» DATASET CONTENT:
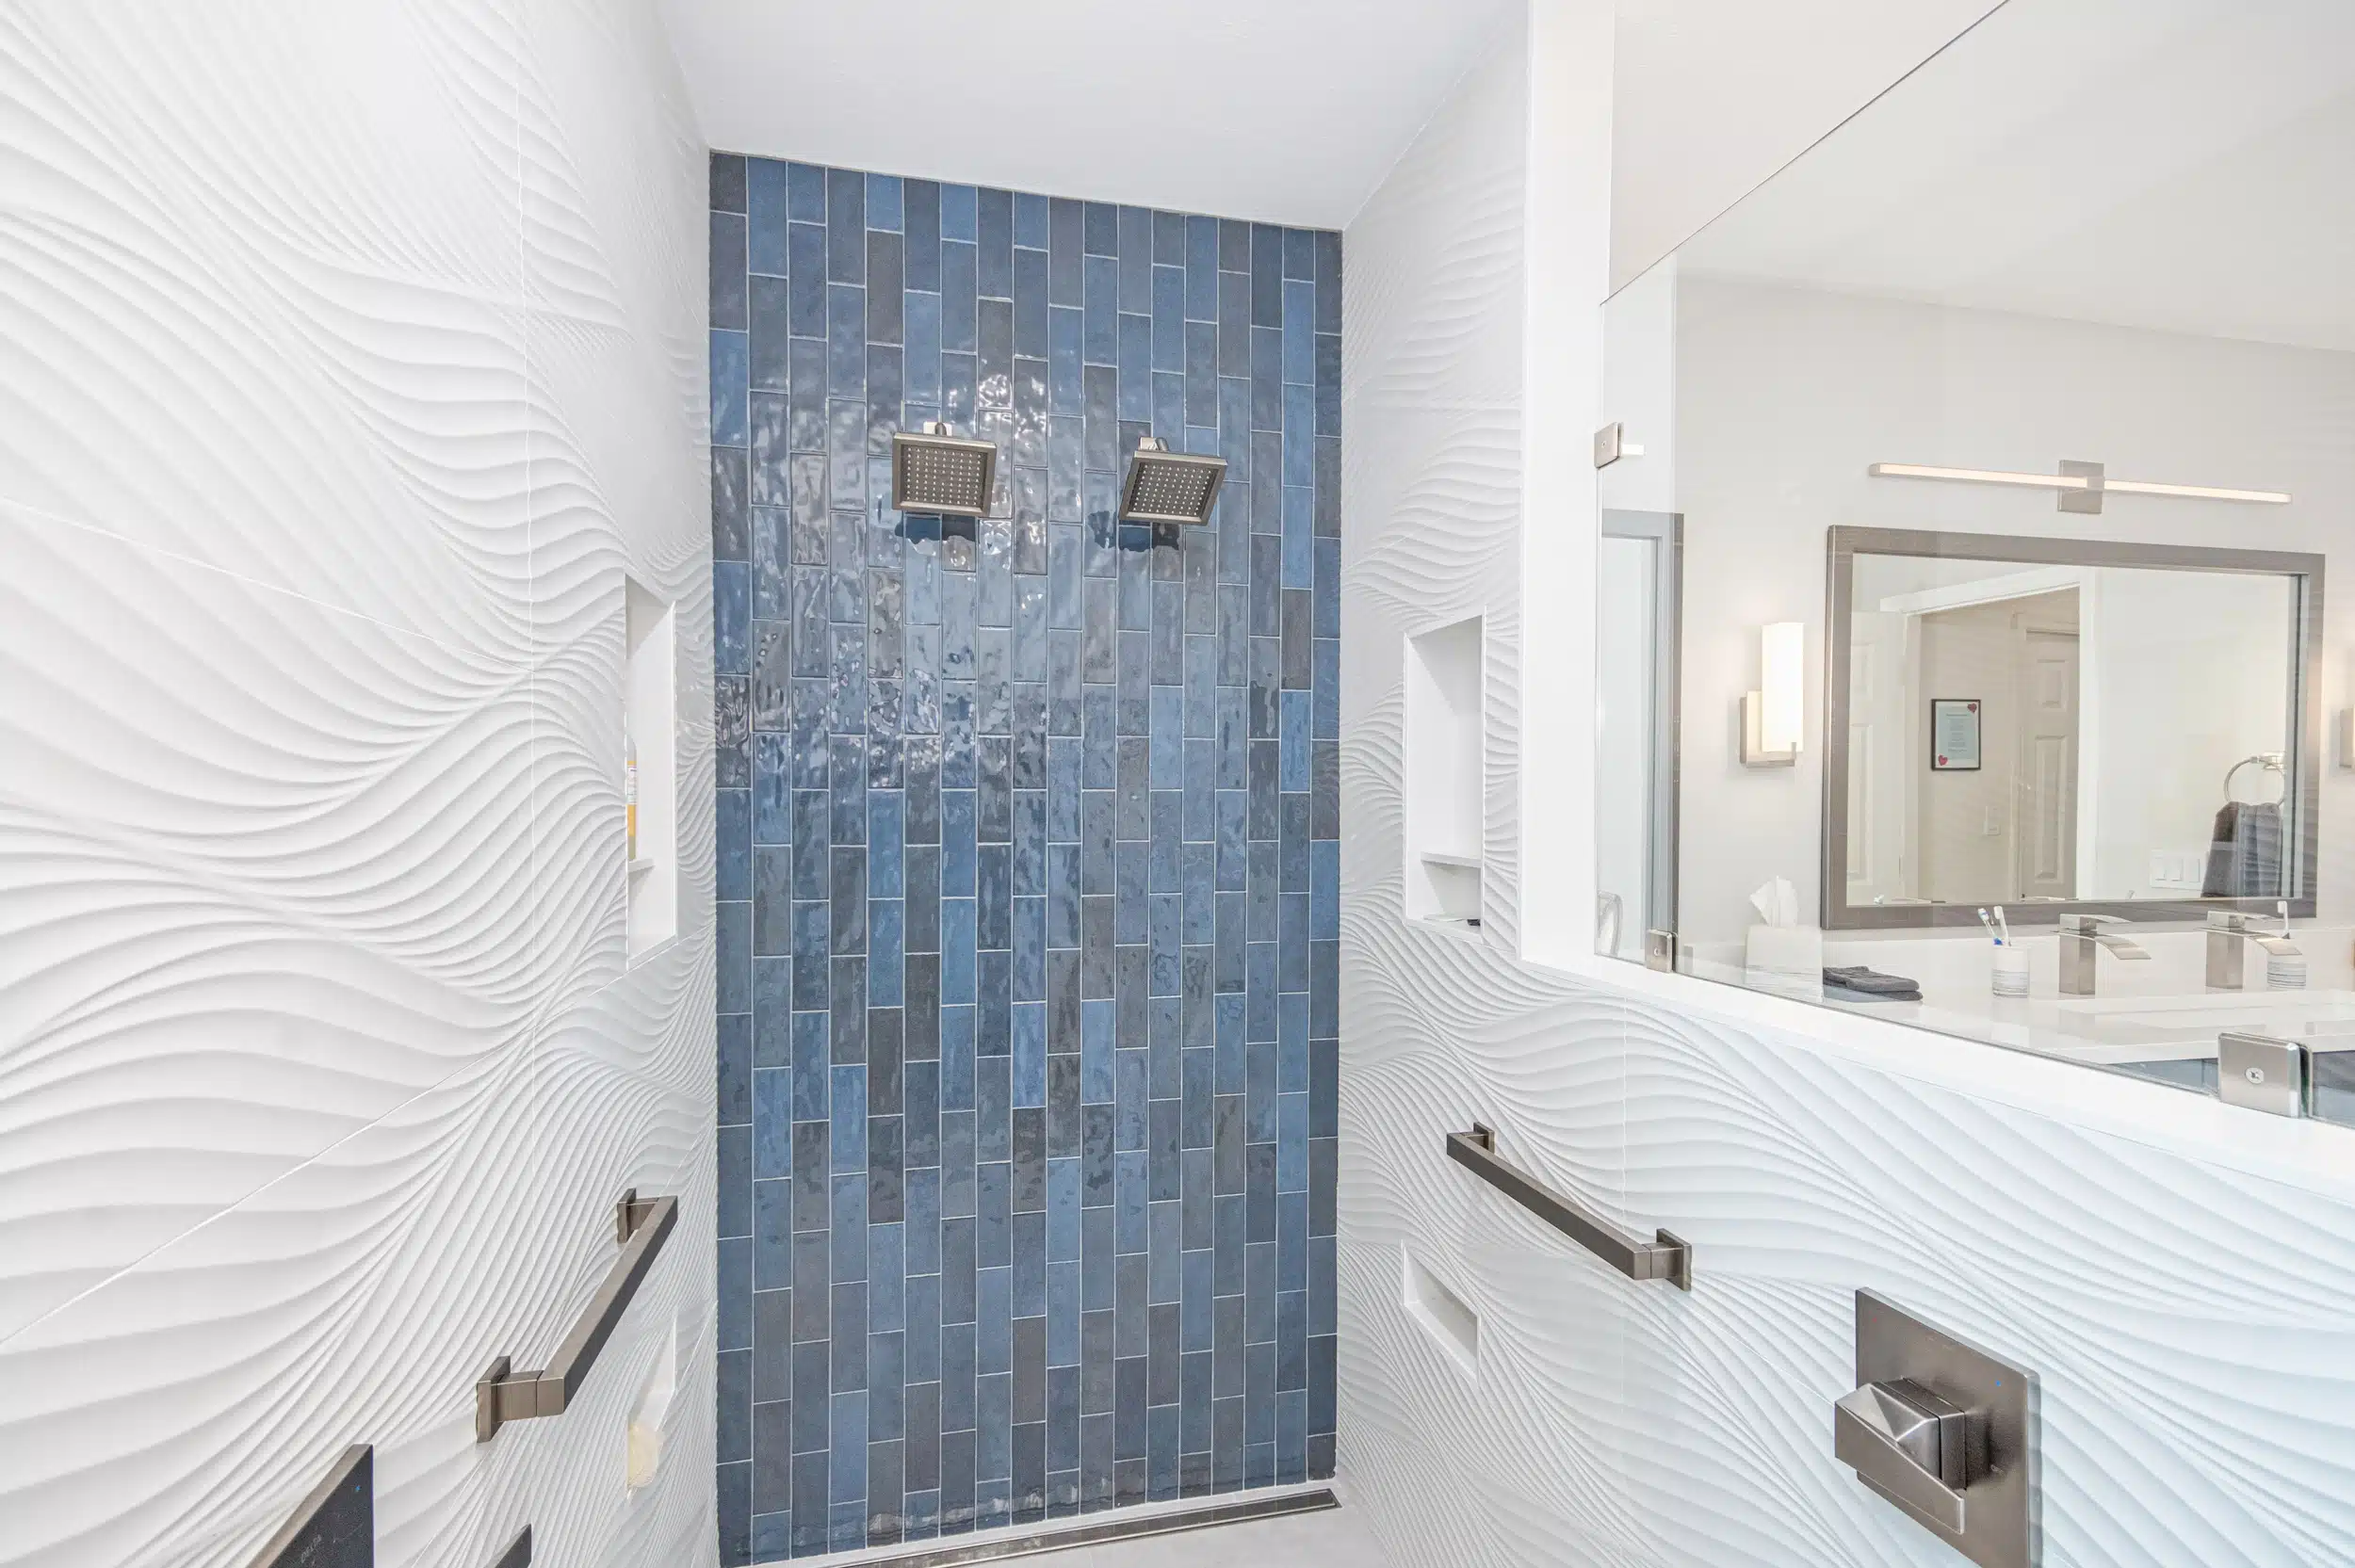 Shower Tile Installation Costs
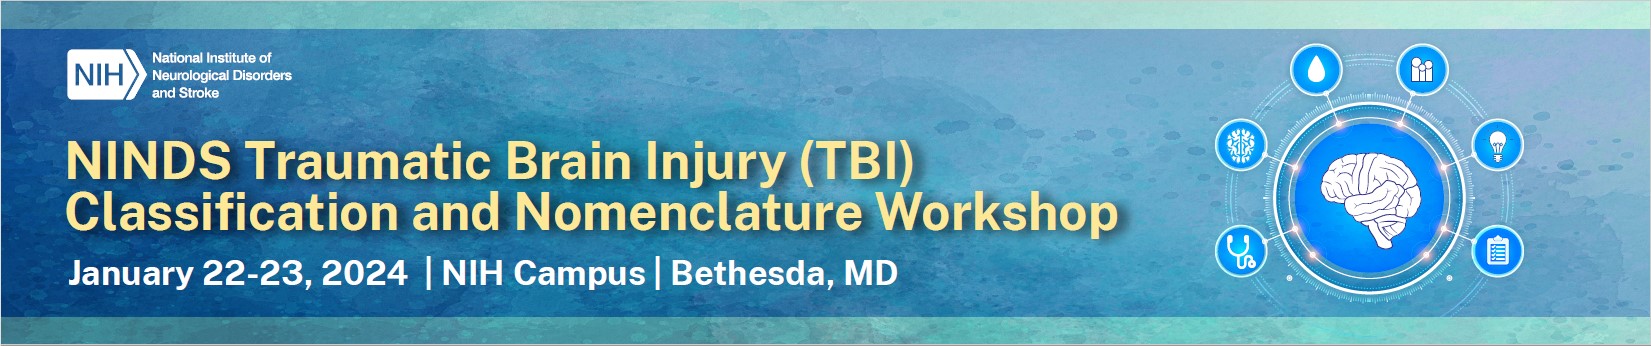 NINDS Traumatic Brain Injury (TBI) Classification and Nomenclature Workshop
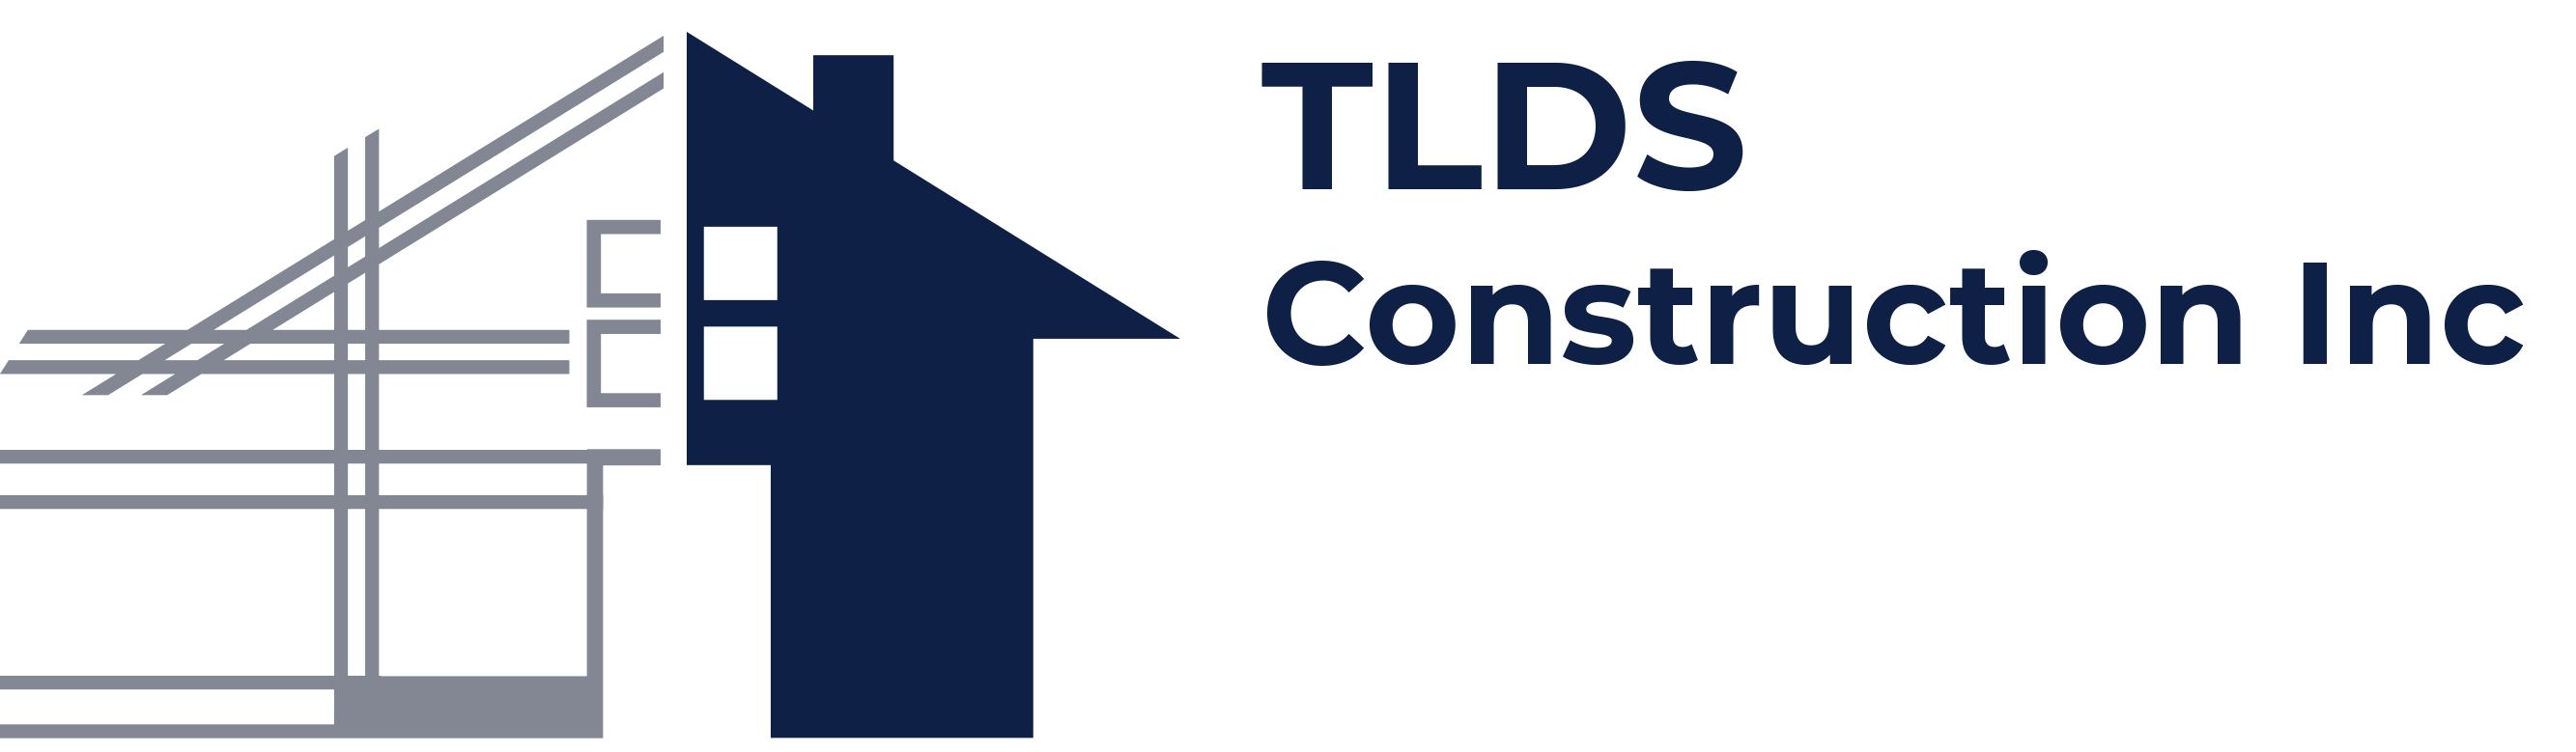 TLDS Construction Inc's logo
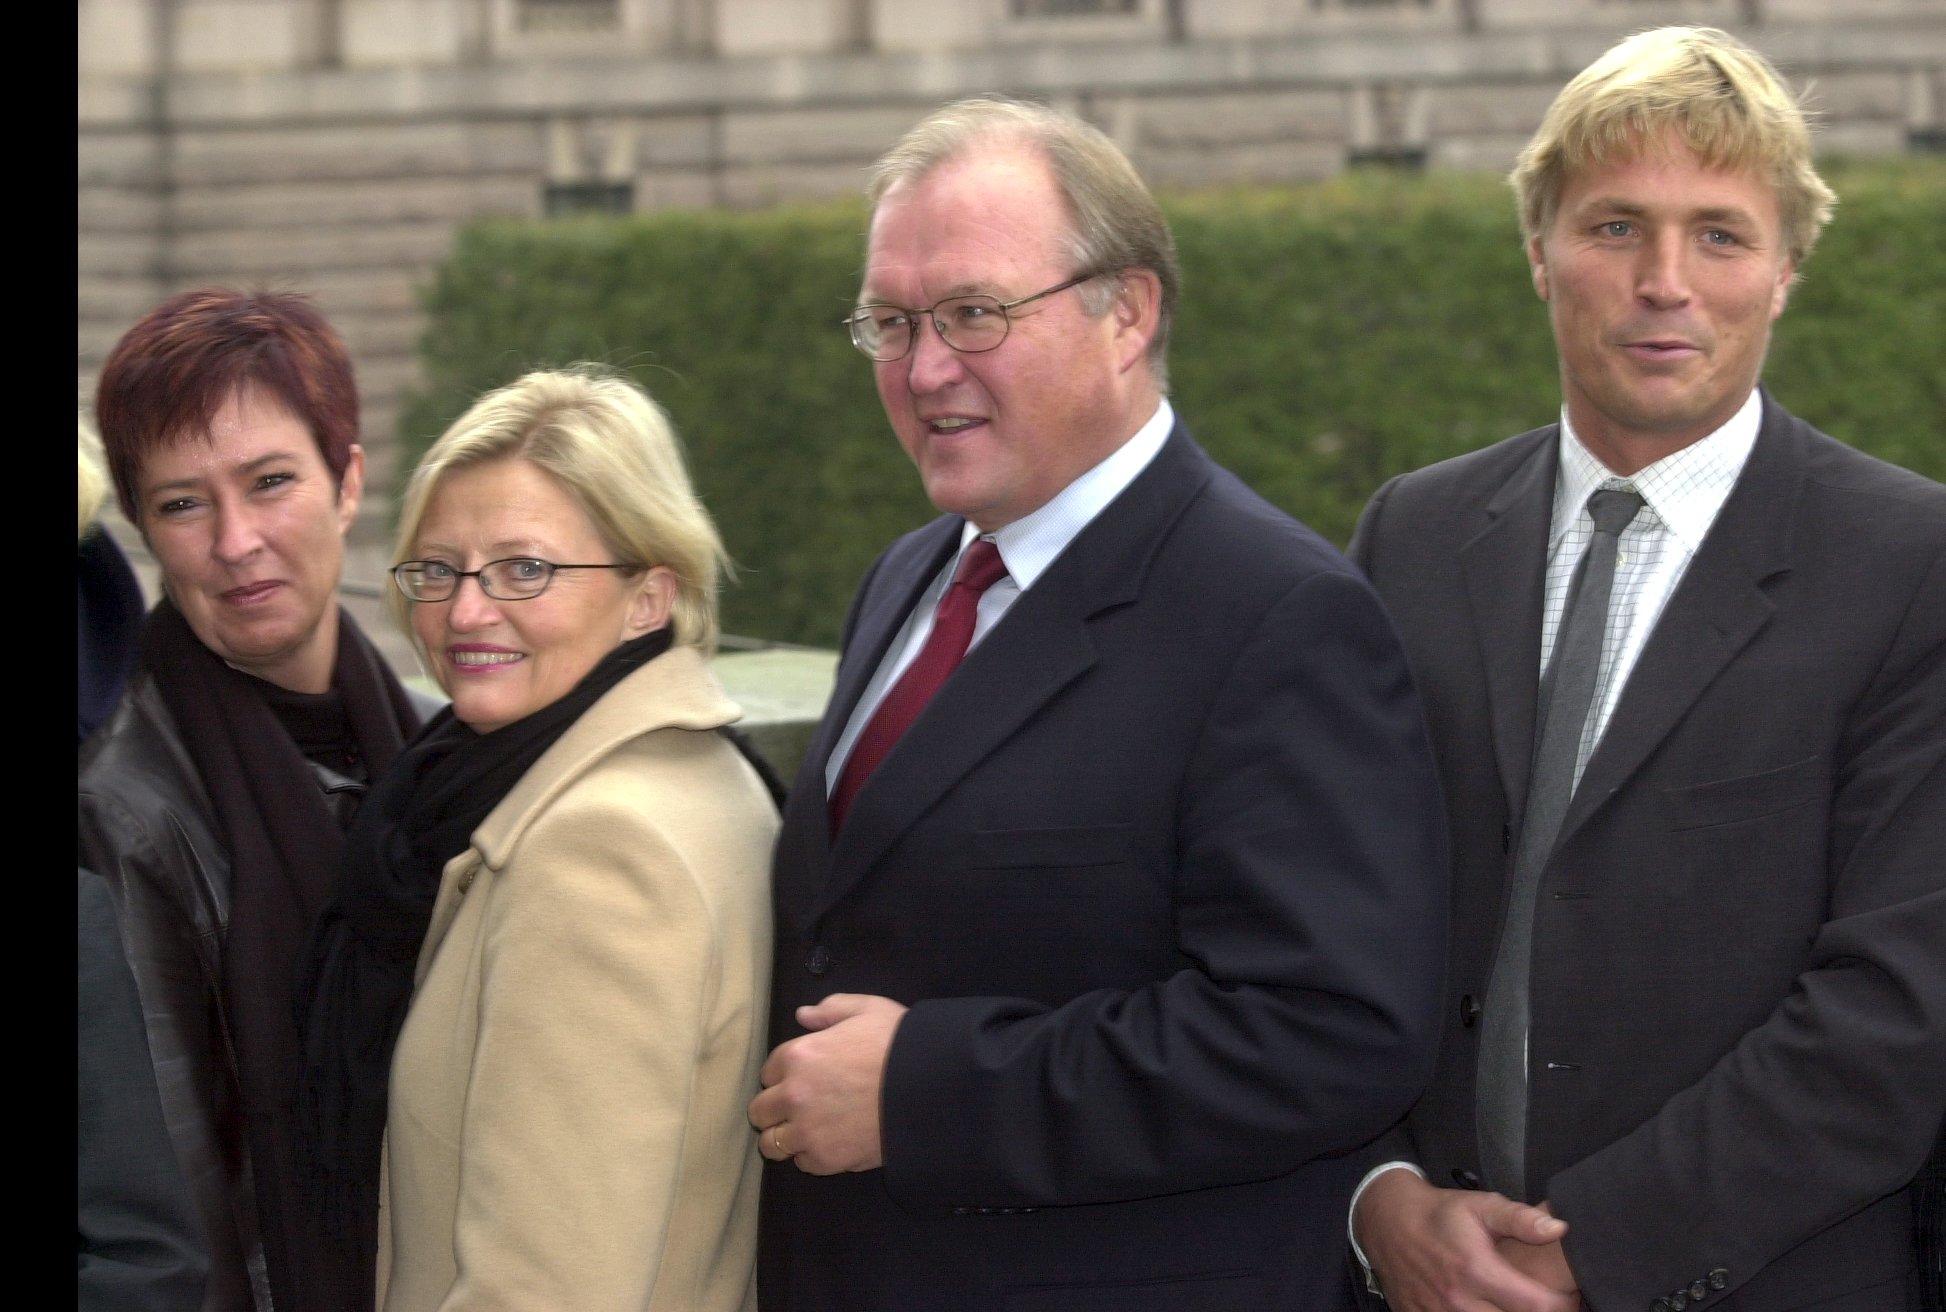 S-ledare, Thomas Bodström, Partiledare, Socialdemokraterna, Mona Sahlin

» WHAT IS REQUIRED: When you return the listing, keep it exact and omit any pictures it holds.

» TASK OUTPUT:
 Shower Tile Installation Costs
 NINDS Traumatic Brain Injury (TBI) Classification and Nomenclature Workshop
 TLDS Construction Inc's logo
 S-ledare, Thomas Bodström, Partiledare, Socialdemokraterna, Mona Sahlin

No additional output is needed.